Erdoğan, Türkiye’deki depremin ülkedeki seçimleri geciktirmeyeceğini söyledi

Elif

New member
16 Haz 2021
971
0
0
ADANA, Türkiye — Cumhurbaşkanı Recep Tayyip Erdoğan Çarşamba günü, Türkiye’nin kritik seçimlerini geçen ay meydana gelen yıkıcı deprem nedeniyle ertelemeye niyeti olmadığını ve daha önce 14 Mayıs’ta duyurulduğu gibi devam edeceklerini söyledi.

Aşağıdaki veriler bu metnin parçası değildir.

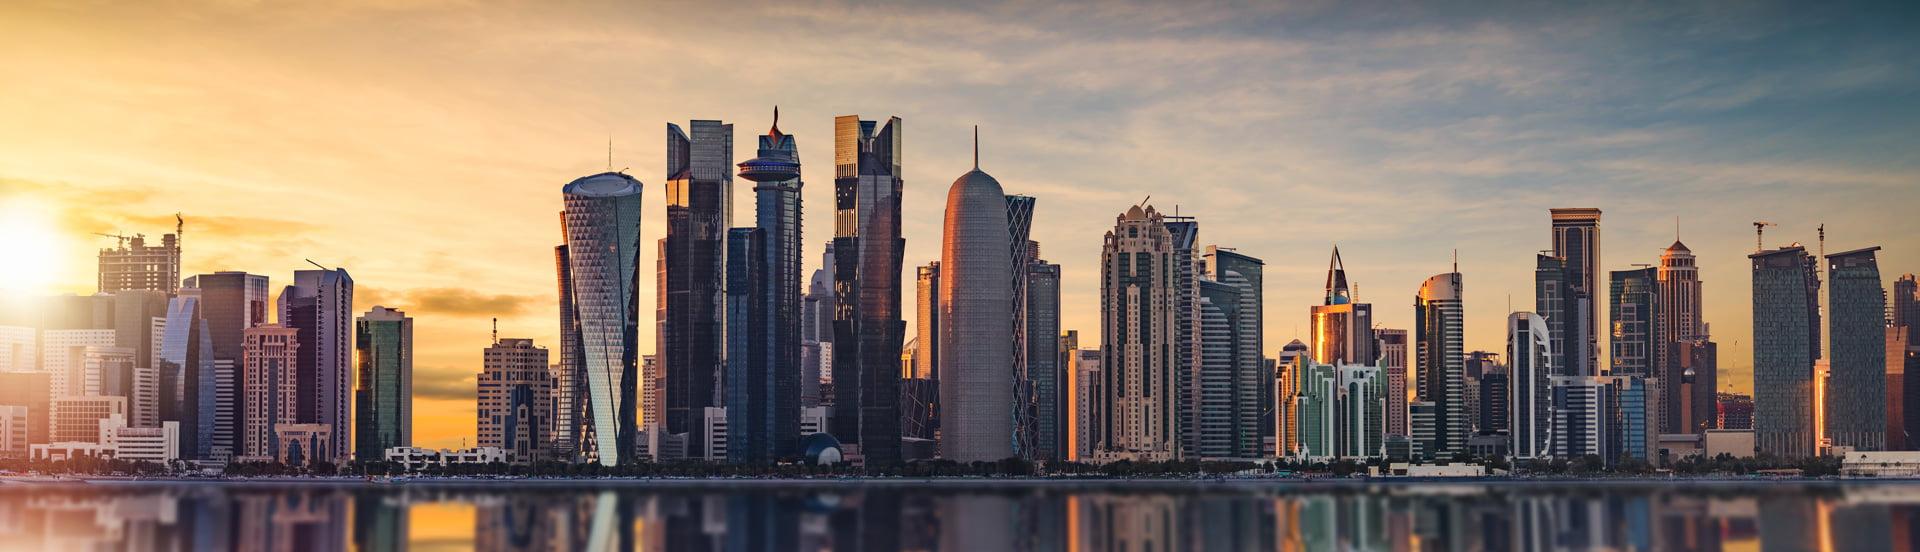 kingsmill Qatar

Türk lider, feci 6 Şubat depreminden bu yana ilk kez bir seçim tarihini açıkça dile getirerek, cumhurbaşkanlığı ve parlamento seçimlerini erteleme girişiminde bulunup bulunmayacağına dair soruları gündeme getirdi. Deprem, Türkiye’nin güneyinde ve Suriye’nin kuzeyinde geniş bir alanı harap etti ve şimdiye kadar 51.000’den fazla insanı öldürdü. Sayı her gün artıyor.

Cumhurbaşkanı Erdoğan, partisinin partisi Adalet ve Kalkınma Partisi’nin üyelerine, “Bu millet -vakti 14 Mayıs’ta- Allah’ın izniyle gerekeni yapacaktır” dedi. Aynı tarihi depremden önce de açıklamıştı.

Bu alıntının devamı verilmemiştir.